Transactions may also have performance and operational side effects. A long-lived transaction will tie up a Postgres backend while it's open, and will contribute to database bloat as any rows still technically visible to the transaction have to be retained until it's closed, even if they've since been deleted or updated to a new state. Workers may want to avoid opening a transaction when one isn't needed, or when they're expected to be long running.

Transactionally completing jobs alongside other changes

A way to hedge against possible failures while completing a job and get a little closer to an exactly once guarantee is to wrap operations in a transaction and complete the job as part of the same transaction using JobCompleteTx. A successful commit guarantees that the job will never rerun. A failed commit discards all changes so the next run starts fresh.
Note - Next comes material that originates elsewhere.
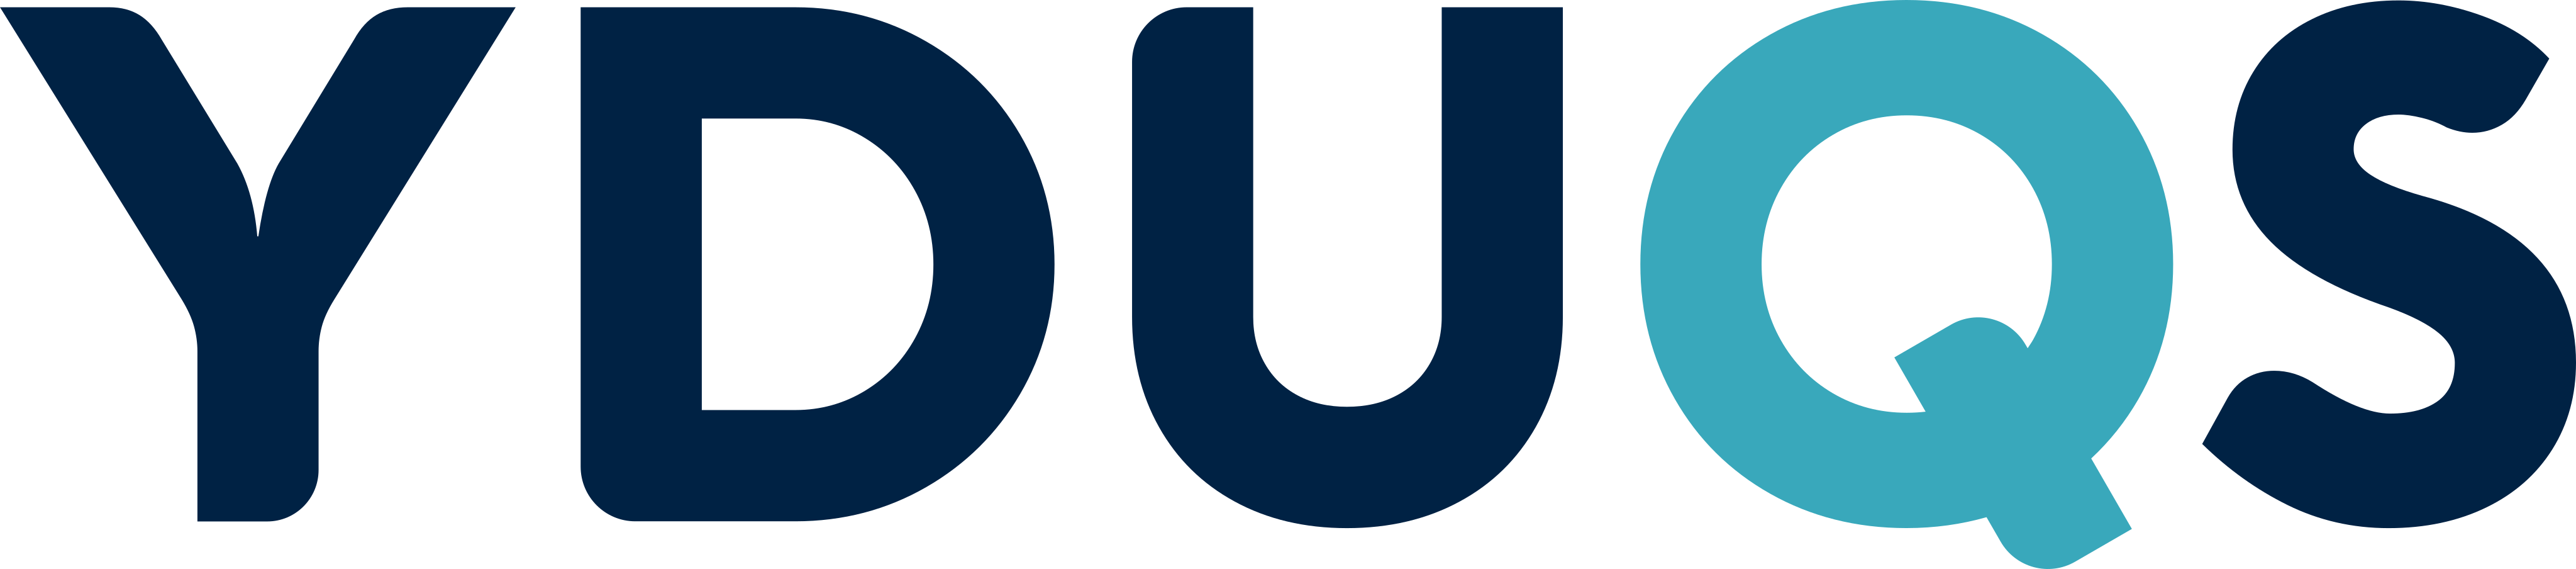 yduqs logo - YDUQS Logo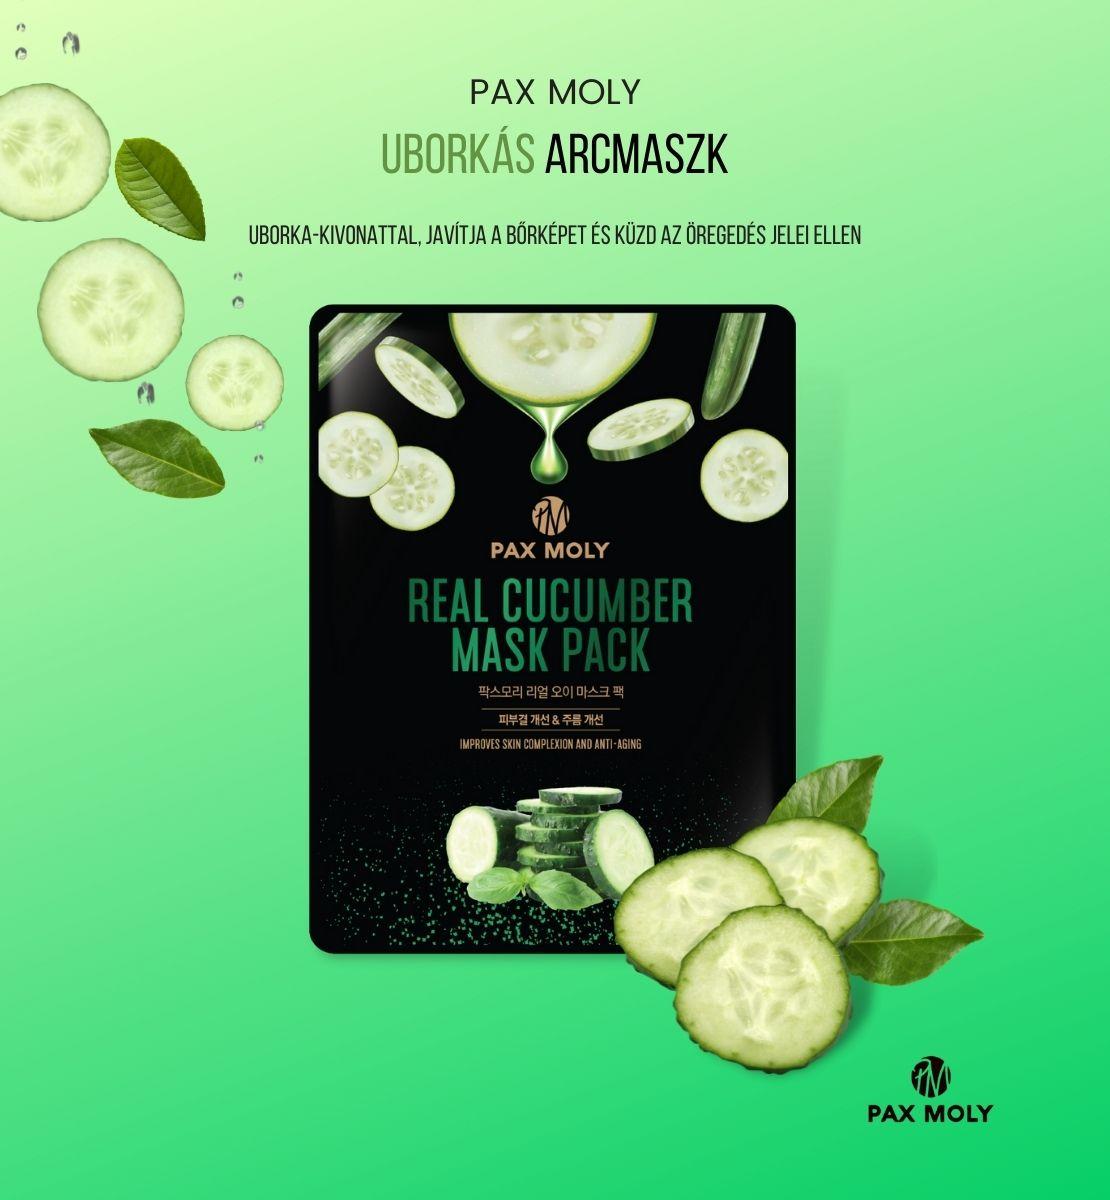 paxmoly-real-cucumber-uborkas-arcmaszk

func (w *TxWorker) Work(ctx context.Context, job *river.Job[TxArgs]) error {
    tx, err := w.dbPool.Begin(ctx)
    if err != nil {
        return err
    }
    defer tx.Rollback(ctx)

    ...

    _, err := river.JobCompleteTx[*riverpgxv5.Driver](ctx, tx, job)
    if err != nil {
        return err
    }

    return tx.Commit(ctx)
}

River normally completes jobs in large, efficient batches, so there is a throughput trade off to completing jobs in this way. Opening a transaction also has a small marginal cost, so that'll add some overhead to the worker unless one was in use already.

See transactional job completion for more details.